The common belief that pigs do not sweat is largely accurate, yet it oversimplifies the biological reality of porcine thermoregulation. Pigs are warm-blooded and must actively manage their internal temperature to survive. They possess sweat glands, but these glands are ineffective for cooling the body mass. This forces the animals to rely on alternative, less efficient behavioral and respiratory strategies to dissipate heat, making them particularly vulnerable to high temperatures.
The Anatomy of Porcine Sweat Glands
Pigs do have sweat glands, but their structure and distribution render them ineffective for whole-body cooling. The majority of the skin surface contains apocrine sweat glands. These glands typically secrete an oily, viscous substance into the hair follicle, which is designed for scent marking, not evaporative cooling.

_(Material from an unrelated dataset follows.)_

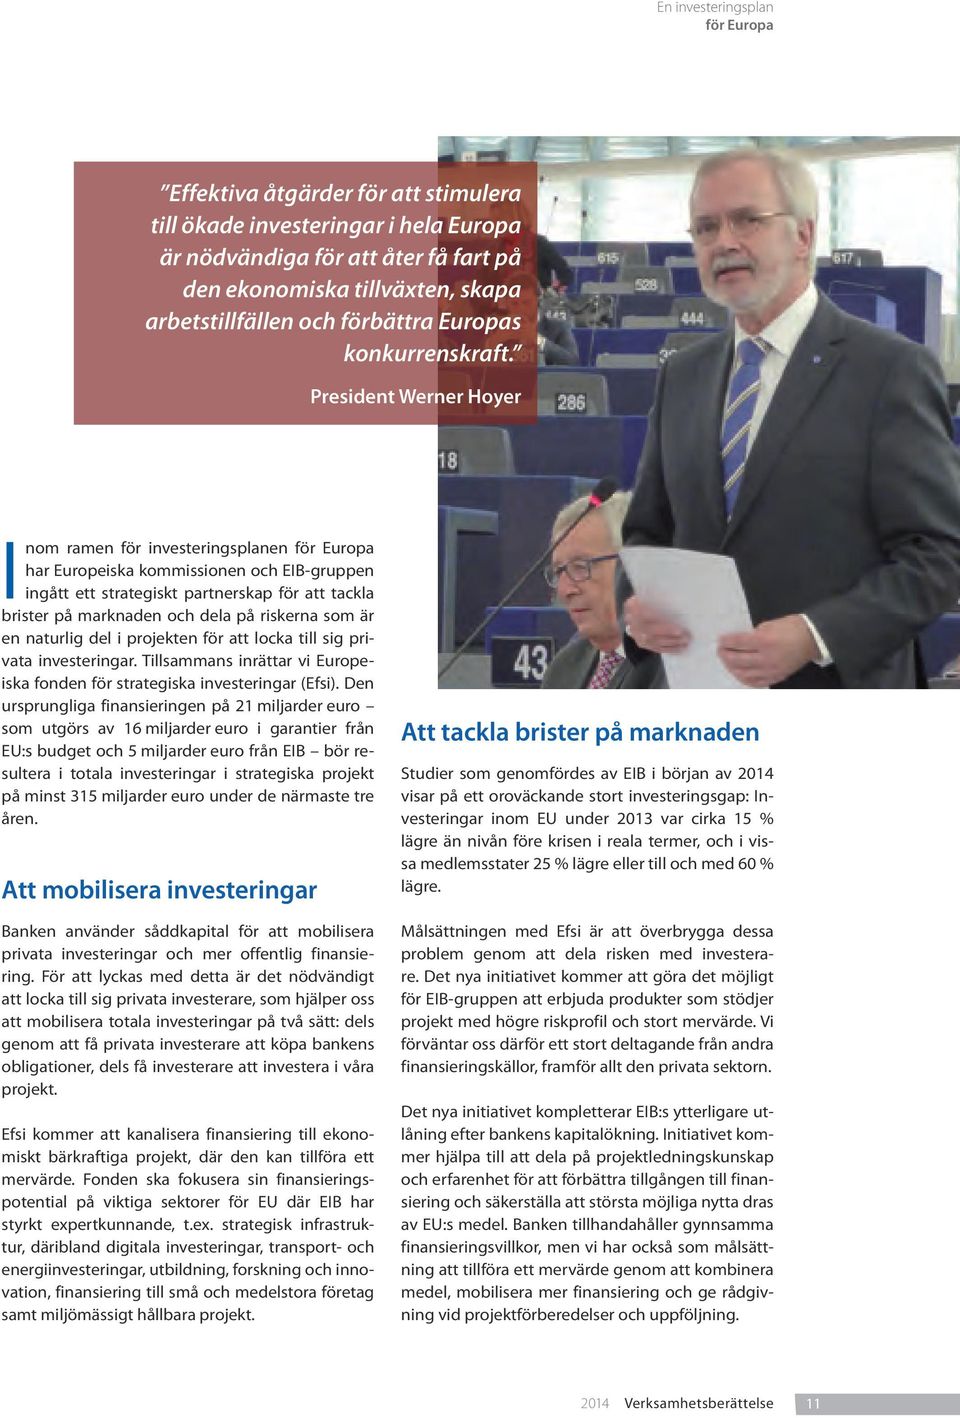 President Werner Hoyer Inom ramen för investeringsplanen för Europa har Europeiska kommissionen och EIB-gruppen ingått ett strategiskt partnerskap för att tackla brister på marknaden och dela på

The eccrine gland, responsible for effective cooling in humans, is present only in a very limited distribution on the pig’s body. Functional eccrine glands are primarily restricted to the snout and the carpal regions. This surface area is insufficient to cool the animal’s substantial body mass. Since the glands cannot produce enough watery sweat across a wide surface area, pigs cannot utilize the efficient evaporative cooling that humans and horses rely on.
Primary Cooling Strategy: The Importance of Wallowing
Since sweating is ineffective, wallowing in mud or water becomes the pig’s primary behavioral strategy for thermoregulation. This instinctual behavior directly addresses the lack of functional sweat glands by artificially wetting the skin surface. The action of submerging and coating the skin facilitates heat transfer through two main scientific principles: conduction and evaporation.
When a pig lies in cool mud or water, heat transfers directly from the warmer body to the cooler substrate via conduction. This is followed by the sustained cooling effect that occurs as the water or mud layer begins to dry. The evaporation of this external moisture draws heat away from the pig’s skin, effectively mimicking the cooling process of functional sweating.
The dried mud layer offers secondary benefits, acting as a sunscreen to protect the skin from solar radiation. Wallowing is fundamental, and pigs prefer mud over water, as mud stays wet longer, prolonging the evaporative cooling effect.
Evaporative Cooling Through Respiration
When behavioral strategies like wallowing are unavailable, the pig must rely on internal physiological processes, primarily evaporative cooling through respiration. This is accomplished through rapid, shallow breathing, a process scientifically known as thermal polypnea or panting. By increasing the respiration rate, the pig enhances the evaporation of water from the moist surfaces of its respiratory tract, including the tongue, nasal passages, and lungs.
This increase in breathing rate significantly increases the rate of heat loss from the body into the surrounding air. In hot weather, a pig’s respiration rate can climb above 50 breaths per minute, a clear sign of heat stress, and can exceed 100 breaths per minute in severe cases. Despite this effort, respiratory heat loss is less efficient than full-body sweating because the respiratory surface area is relatively small compared to the pig’s total body size. Furthermore, the effectiveness of panting diminishes rapidly in environments with high humidity, as the air is already saturated with water vapor.
Vulnerability to Heat Stress and Management
The limitations of their cooling mechanisms make pigs susceptible to heat stress and hyperthermia. Pigs have a thick layer of subcutaneous fat, or backfat, which acts as an insulator and impedes heat loss from the body core to the skin surface. This combination of poor insulation and limited evaporative cooling means that when ambient temperatures rise above their thermoneutral zone (around 22°C for many adult pigs), they struggle to maintain a stable body temperature.
Symptoms of heat stress include increased respiration rates, elevated core body temperature, and reduced feed intake, since digestion generates additional metabolic heat. To mitigate these risks, management must provide environmental controls.
Environmental Controls
- Ensuring access to shade.
- Utilizing cooling systems such as misters or sprinklers for wet-skin cooling.
- Ensuring proper ventilation to remove hot, moist air.
- Providing chilled or fresh drinking water to aid internal cooling and replace fluids lost through panting.